*** Given material ***

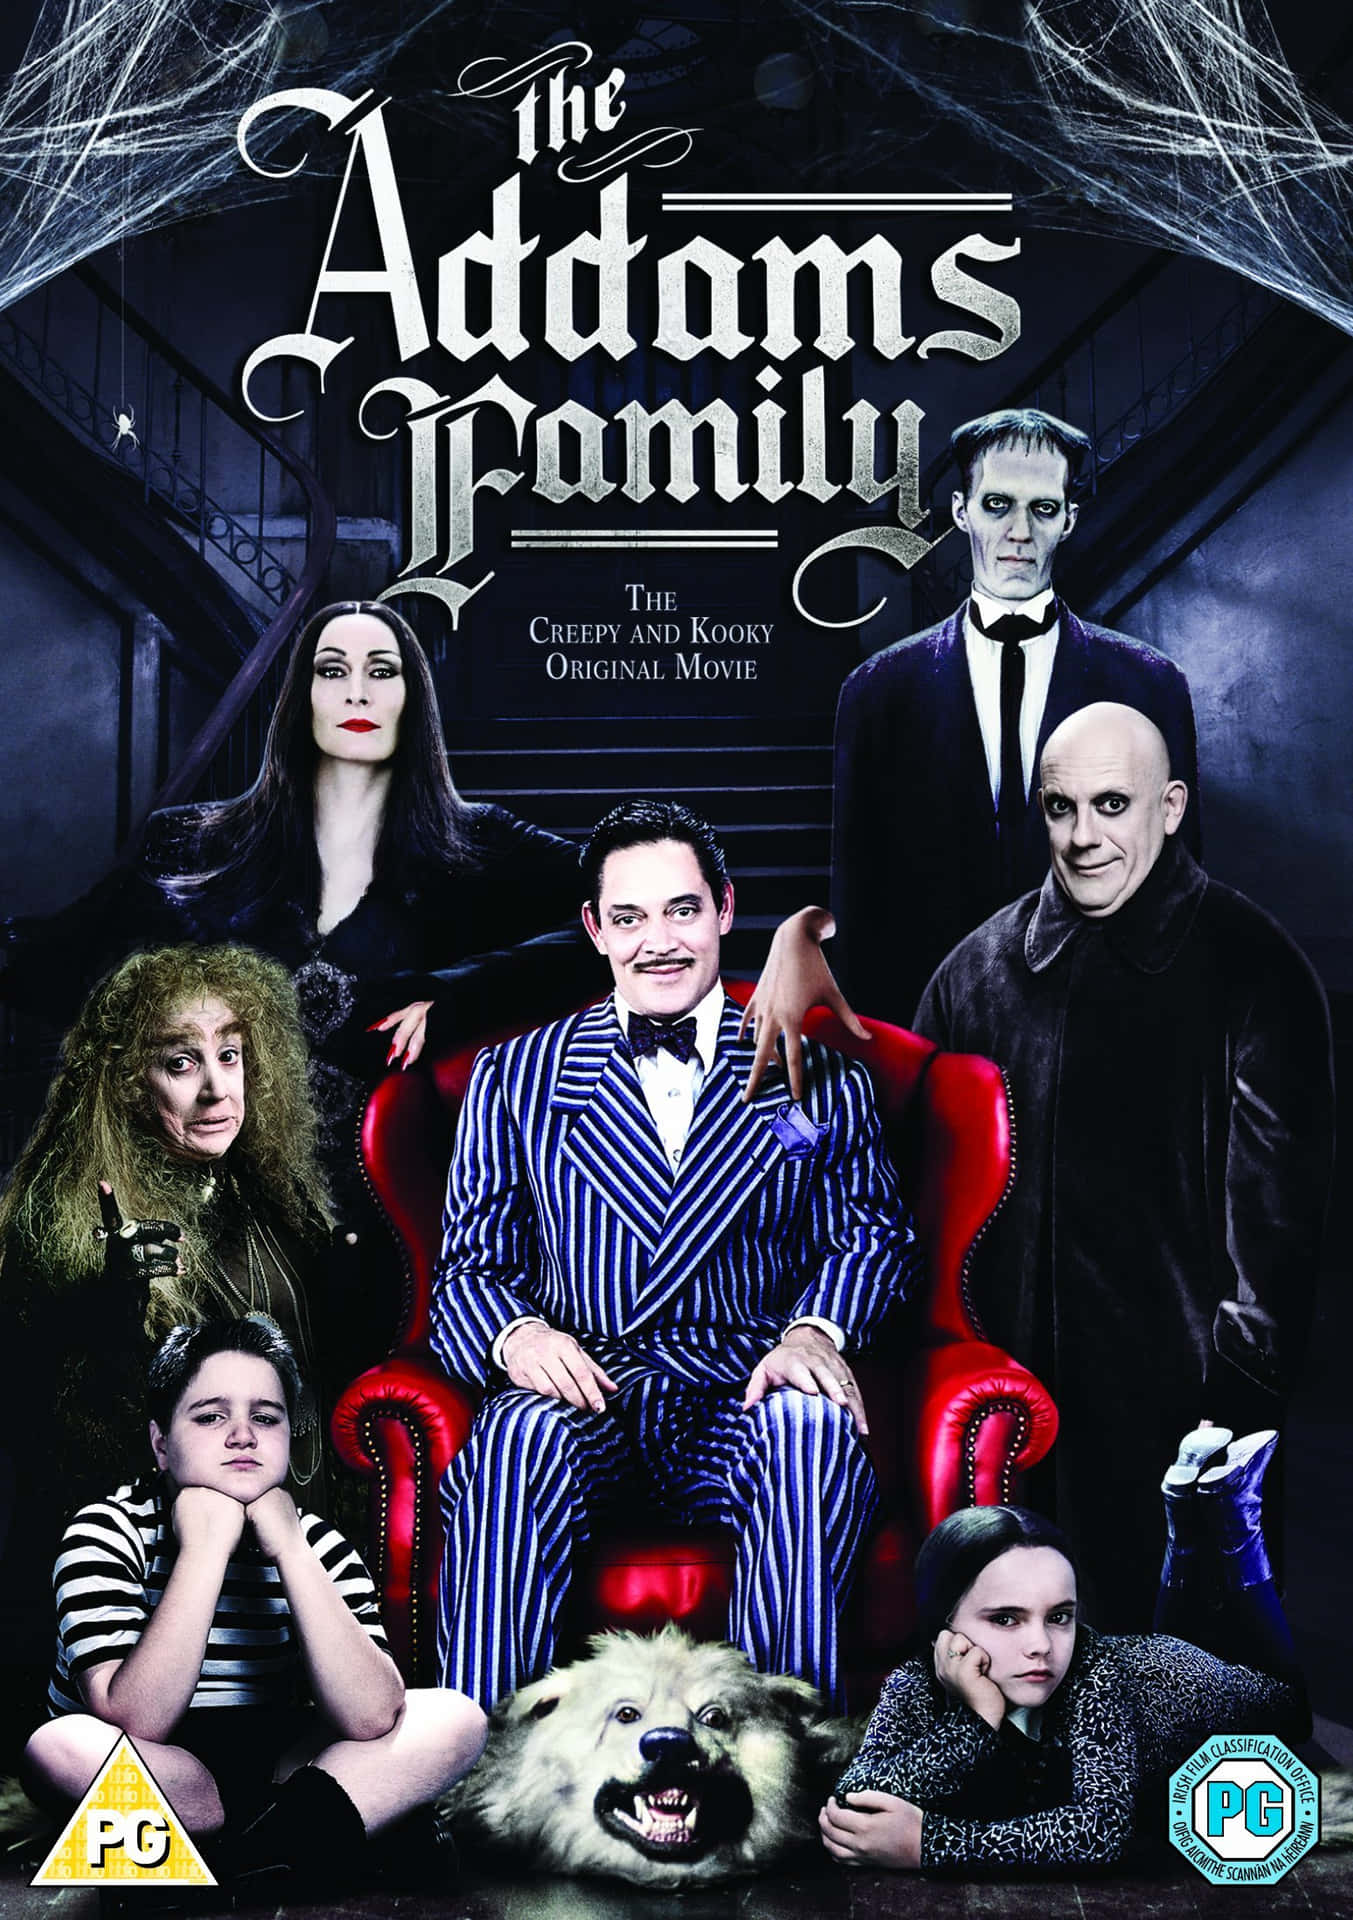 The Addams Family Convenes: Uncle Fester, Gomez, Wednesday and Morticia
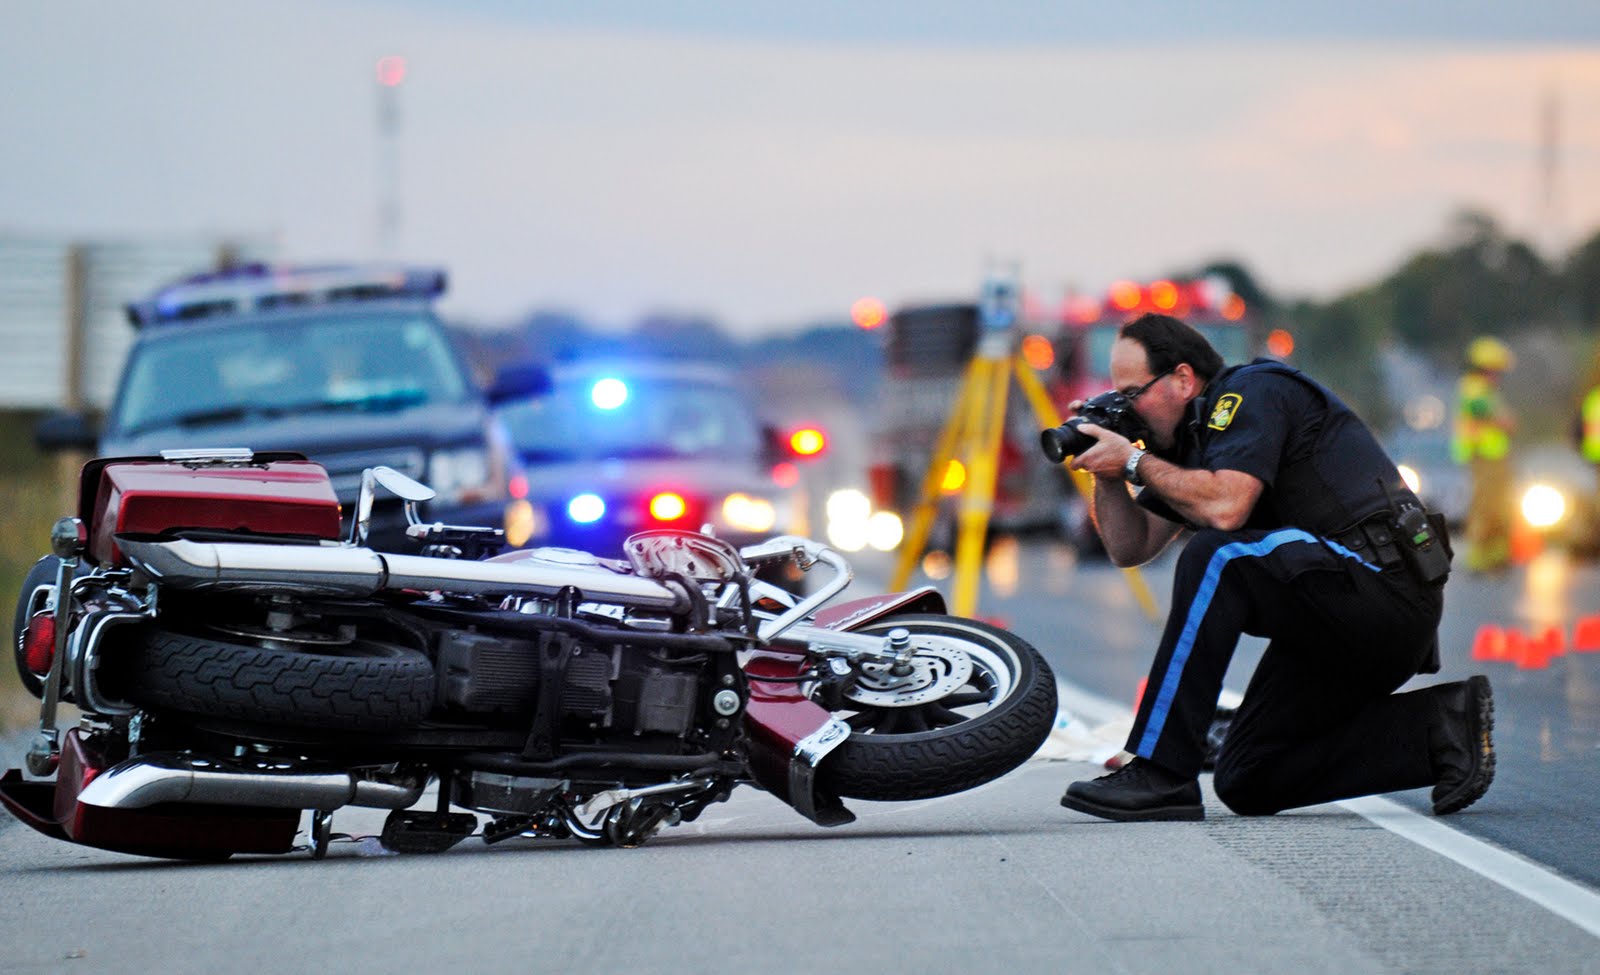 Motorcycle Accident Claim After A Motorcycle Accident: A Guide To Making A Compensation Claim
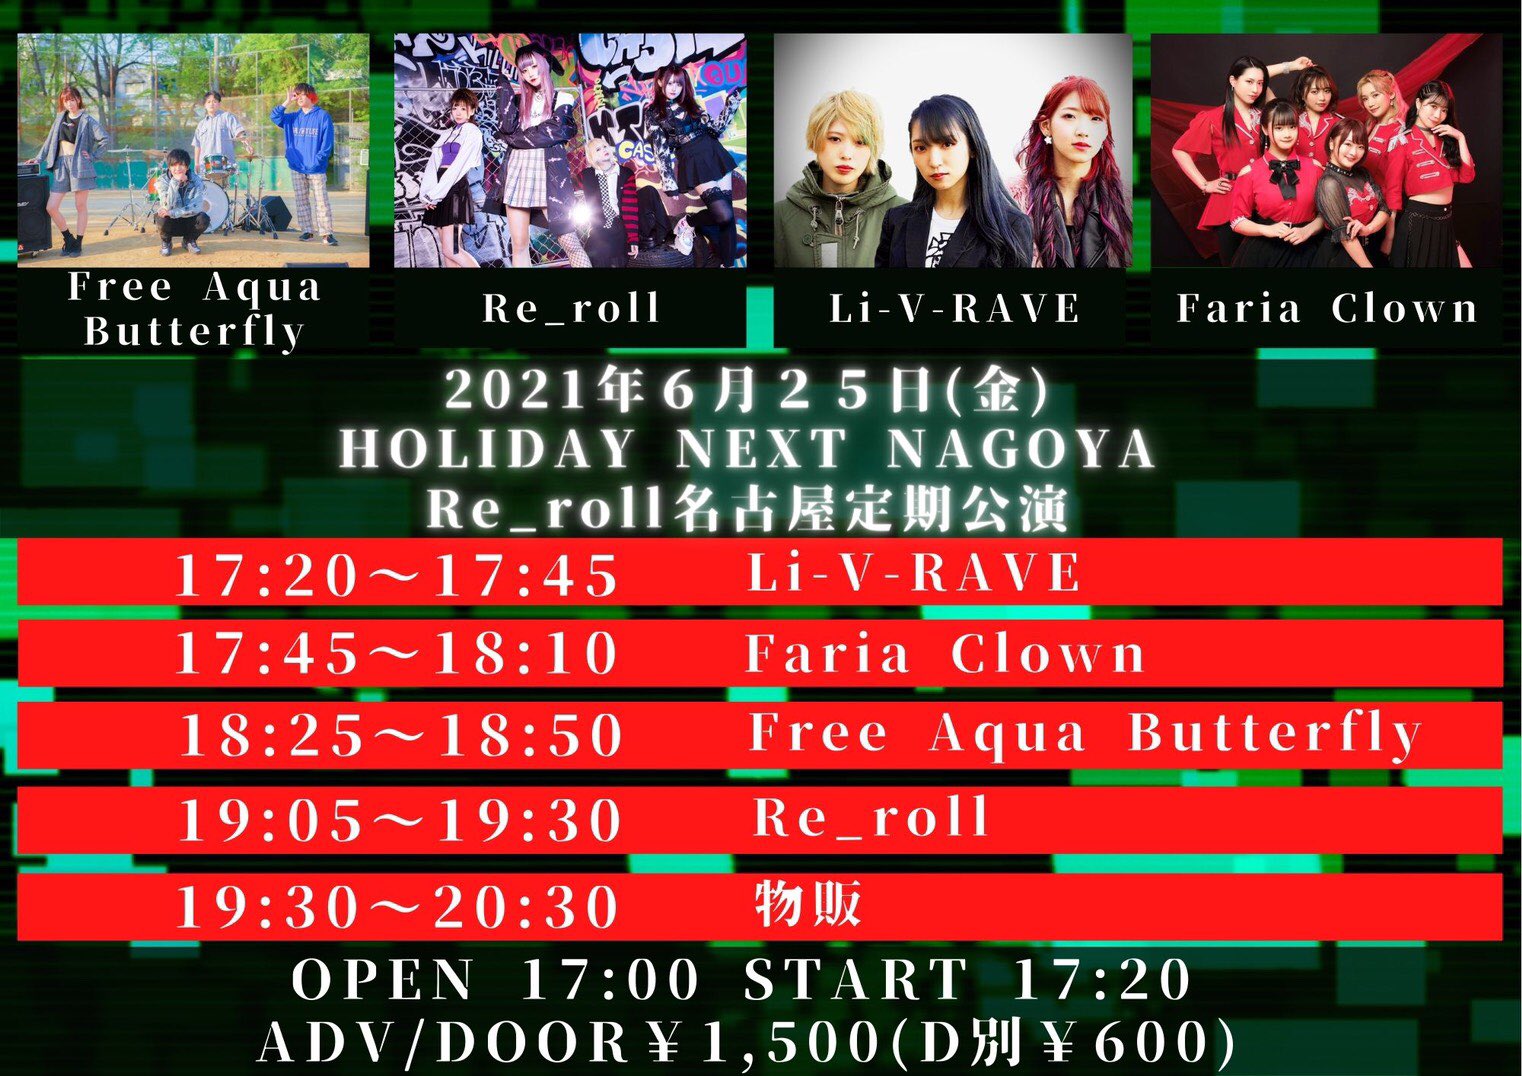 Re_roll 名古屋定期公演

*** End of Given material ***

§ Problem requirements:
Could you repeat the listing above exactly, omitting its pictures?

§ Written answer:
 The Addams Family Convenes: Uncle Fester, Gomez, Wednesday and Morticia
 Motorcycle Accident Claim After A Motorcycle Accident: A Guide To Making A Compensation Claim
 Re_roll 名古屋定期公演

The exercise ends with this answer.